Only by benchmarking against a system with representative data can you say whether this approach is worthwhile. But the example shows that MongoDB frequently provides more than one valid path. The requirements of the application will help you decide which is best.

The category hierarchy

With many databases, there’s no easy way to represent a category hierarchy. This is true of MongoDB, although the document structure does help the situation somewhat. Documents permit a strategy that optimizes for reads, since each category can contain a list of its ancestors. The one tricky requirement is keeping all the ancestor lists up to date. Let’s look at an example to see how this is done.

What you need first is a generic method for updating the ancestor list for any given category. Here’s one possible solution:

def generate_ancestors(_id, parent_id)
  ancestor_list = []
  while parent = @categories.find_one(:_id => parent_id) do
    ancestor_list.unshift(parent)
    parent_id = parent['parent_id']
  end

  @categories.update({:_id => _id},
    {"$set" {:ancestors => ancestor_list}})
end

This method works by walking backward up the category hierarchy, making successive queries to each node’s parent_id attribute until reaching the root node (where parent_id is nil). All the while, it builds an in-order list of ancestors, storing that result in the ancestor_list array. Finally, it updates the category’s ancestors attribute using $set.

Now that you have that basic building block, let’s look at the process of inserting a new category. Imagine you have a simple category hierarchy that looks like the one you see in figure 6.1.

Figure 6.1. An initial category hierarchy

Suppose you want to add a new category called Gardening and place it under the Home category. You insert the new category document and then run your method to generate its ancestors:

category = {
  :parent_id => parent_id,
  :slug => "gardening",
  :name => "Gardening",
  :description => "All gardening implements, tools, seeds, and soil."
}
gardening_id = @categories.insert(category)
generate_ancestors(gardening_id, parent_id)

Figure 6.2 displays the updated tree.

Figure 6.2. Adding a Gardening category

That’s easy enough. But what if you now want to place the Outdoors category underneath Gardening? This is potentially complicated because it alters the ancestor lists of a number of categories. You can start by changing the parent_id of Outdoors to the _id of Gardening. This turns out to be not too difficult:

@categories.update({:_id => outdoors_id},
                   {'$set' => {:parent_id => gardening_id}})

Since you’ve effectively moved the Outdoors category, all the descendants of Outdoors are going to have invalid ancestor lists.
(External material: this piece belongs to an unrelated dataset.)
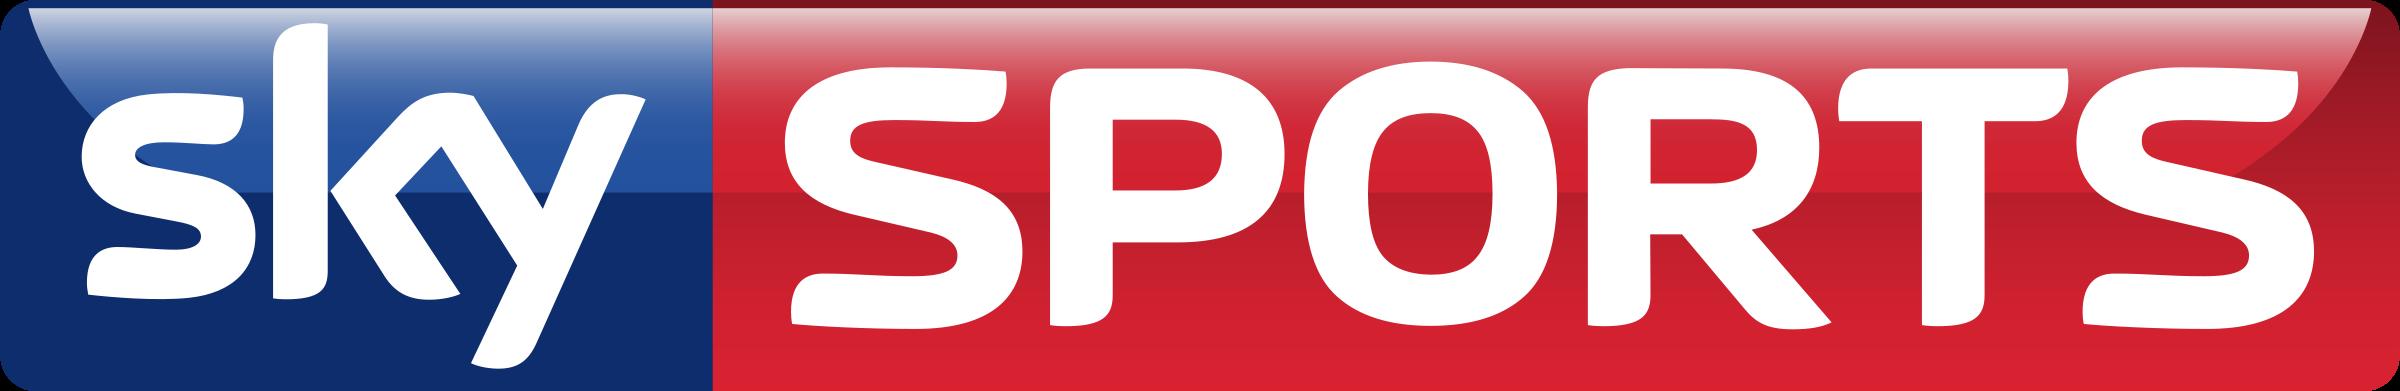 Sky Sports Logo PNG Transparent & SVG Vector.
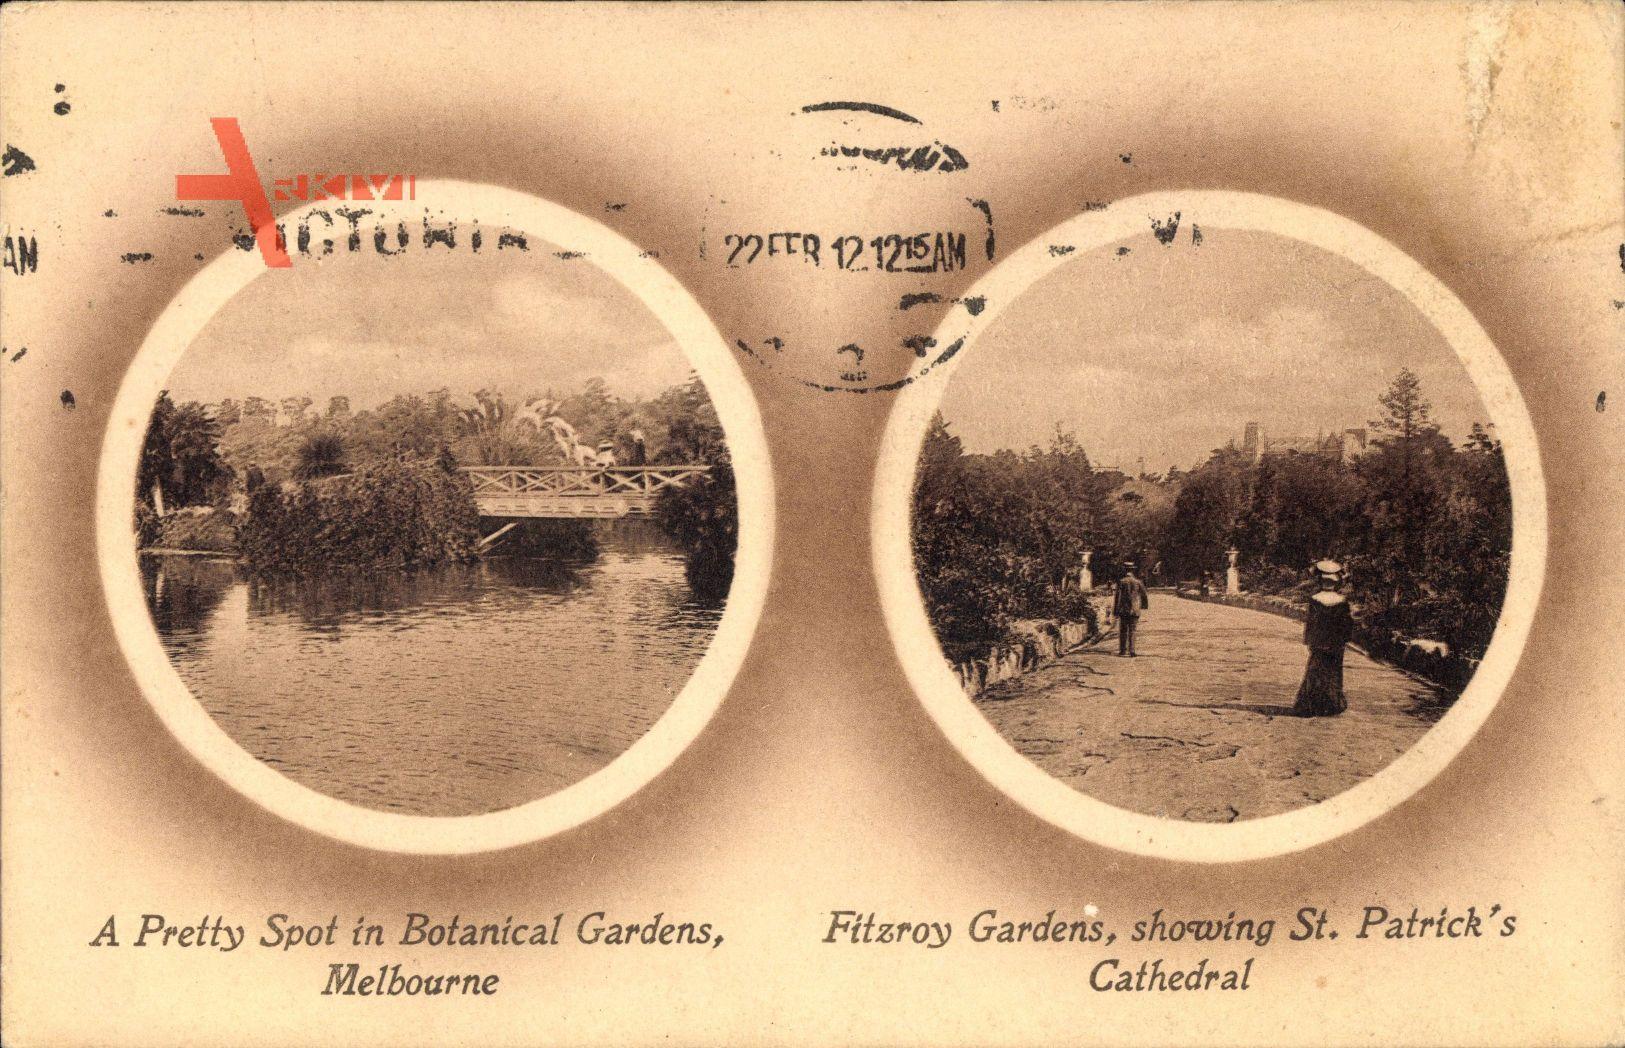 Passepartout Melbourne Australien, Botanical Gardens, St. Patrick's Cathedral

You can rectify this by querying for all categories with Outdoors in their ancestor lists and then regenerating those lists. MongoDB’s power to query into arrays makes this trivial:

@categories.find({'ancestors.id' => outdoors_id}).each do |category|
  generate_ancestors(category['_id'], outdoors_id)
end

That’s how you handle an update to a category’s parent_id attribute, and you can see the resulting category arrangement in figure 6.3.

Figure 6.3. The category tree in its final state

But now what if you update a category name? If you change the name of Outdoors to The Great Outdoors, then you also have to change Outdoors wherever it appears in the ancestor lists of other categories. You may be justified in thinking, “See? This is where denormalization comes to bite you,” but it should make you feel better to know that you can perform this update without recalculating any ancestor list. Here’s how:

doc = @categories.find_one({:_id => outdoors_id})
doc['name'] = "The Great Outdoors"
@categories.update({:_id => outdoors_id}, doc)

@categories.update({'ancestors.id' => outdoors_id},
  {'$set' => {'ancestors.$'=> doc}}, :multi => true)

You first grab the Outdoors document, alter the name attribute locally, and then update via replacement. Now you use the updated Outdoors document to replace its occurrences in the various ancestor lists. You accomplish this using the positional operator and a multi-update. The multi-update is easy to understand; recall that you need to specify :multi => true if you want the update to affect all documents matching the selector. Here, you want to update each category that has the Outdoors category in its ancestor list.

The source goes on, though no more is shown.